I am a sucker for horror stories, and this novel has its own way of slowly creeping under your skin. Yes, it is a horror book, but the interesting thing about it is that far into the book, you won’t even know it. The story is written as a simple version of a self biography, where the narrator reflects on his life, he shows the reader his development as he learns more about himself and he concludes his revelations in the end of the novel. There is no haunted house, no vampires or any other of those typical horror elements. The narrator tells about his life as a child, how he was bullied, how he got his first friend, and just everyday experiences told from how he saw things as a child.

But the things that makes the story scary is the fact that all the memories have a connection with each other, and the fact that every now and then the narrator finds out about something that just doesn’t seem right. May it be being in a picture he never knew was taken of him or ending up in a place he never knew, he went to.

The amazing thing about this novel is that the book can give off such a scary feeling when there are no supernatural elements in the story. In fact, I might never have read such a realistic and authentic book in my life. As you’ve finished the book, you may think that there’s little chance that, what scary things that happen in the book, would ever have happened in real life. But because of the many tiny details about things, you’d think only people who would have experienced it, would know, it makes you keep wondering whether the story is actually real or not. And to me, that is the greatest kind of horror of all – when something scary seems so real that it could happen to anyone and not just to a character in a book.
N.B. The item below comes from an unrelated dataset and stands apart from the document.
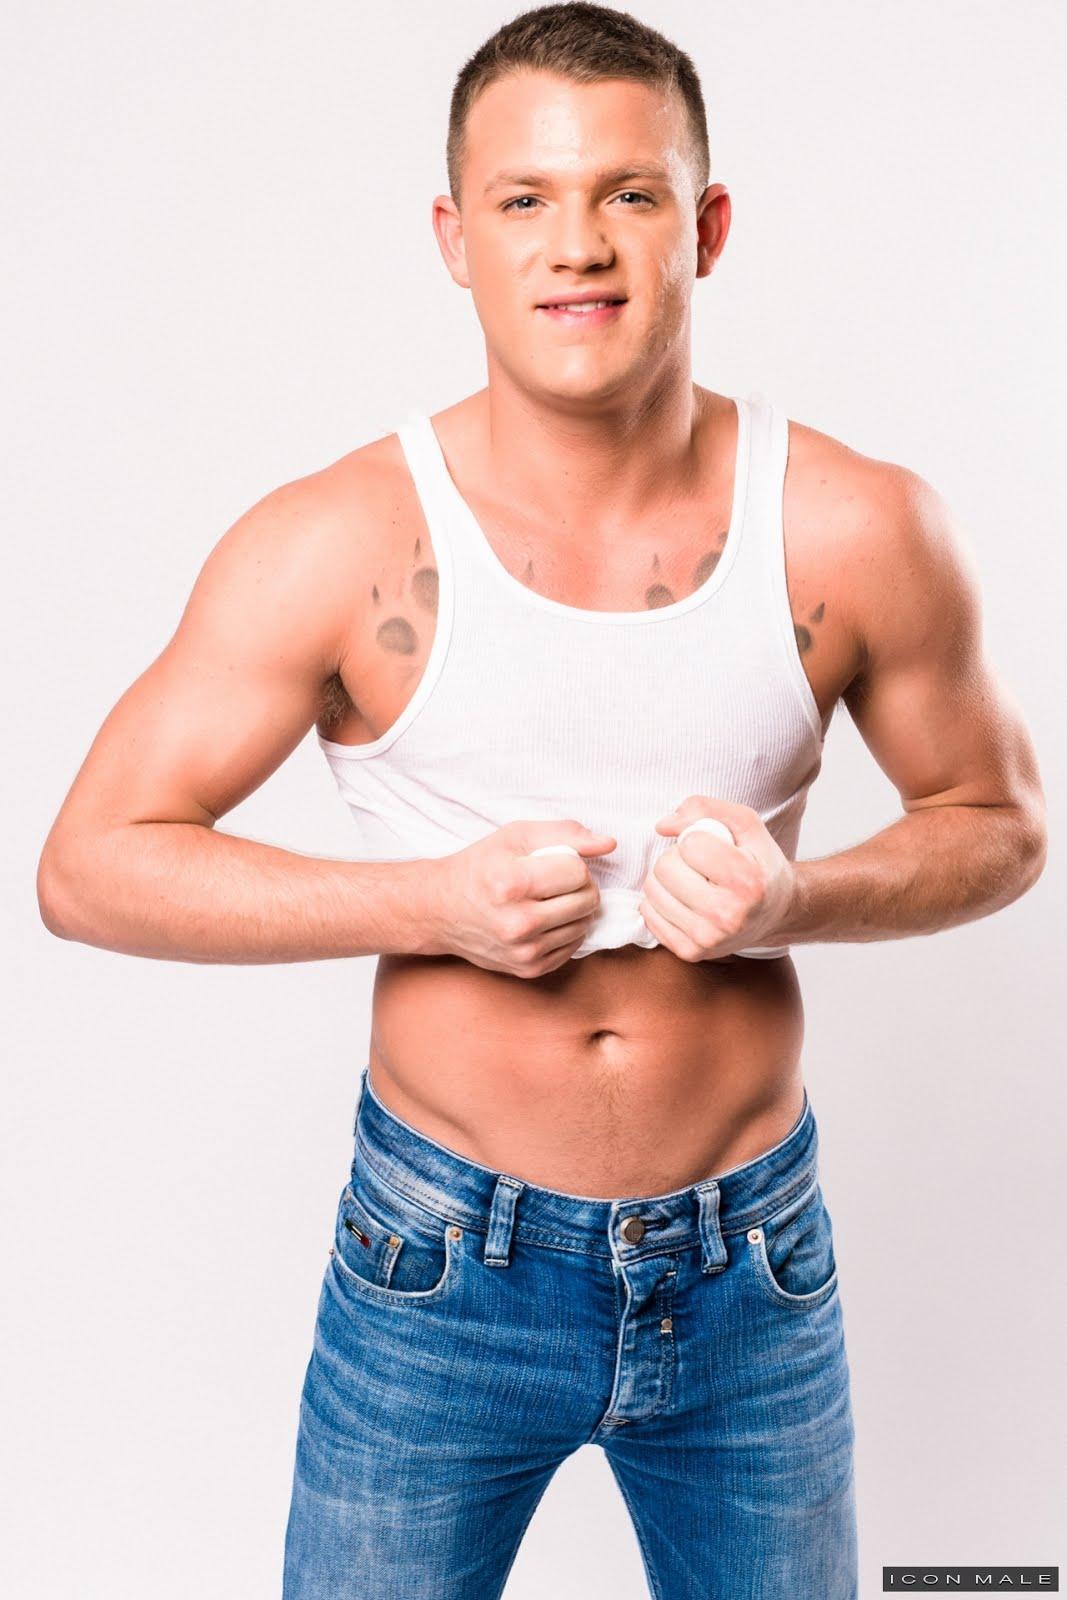 Hall of Hot Men: ICON MALE: Brandon Wilde

You most likely can’t get tired of this book. Since the story was first separated in six stories they all have their own endings – every chapter has its own little story, time, plot and characters. It has its own conflicts and twists. This means that every chapter will be full of suspense since they all will be working towards their own ending and not the whole book’s. With that said the chapters are clearly connected with each other as the narrator looks back and forth between the different chapters containing different memories.

I even had to add small paper notes on some of the pages just because the foreshadowing and signs I found in every chapter were so amazing and chilling that I just had to mark them.

At last, what I look for most in horror books is a great twist or revelation in the end of the story, and I can tell you that this book has just the right amount of epicness, sadness, horror and surprise that the ending made me shake all over from excitement and unexplainable feelings even after reading the story a second time.

Penpal by Dathan Auerbach (English), 252 pages, 1000 Vultures.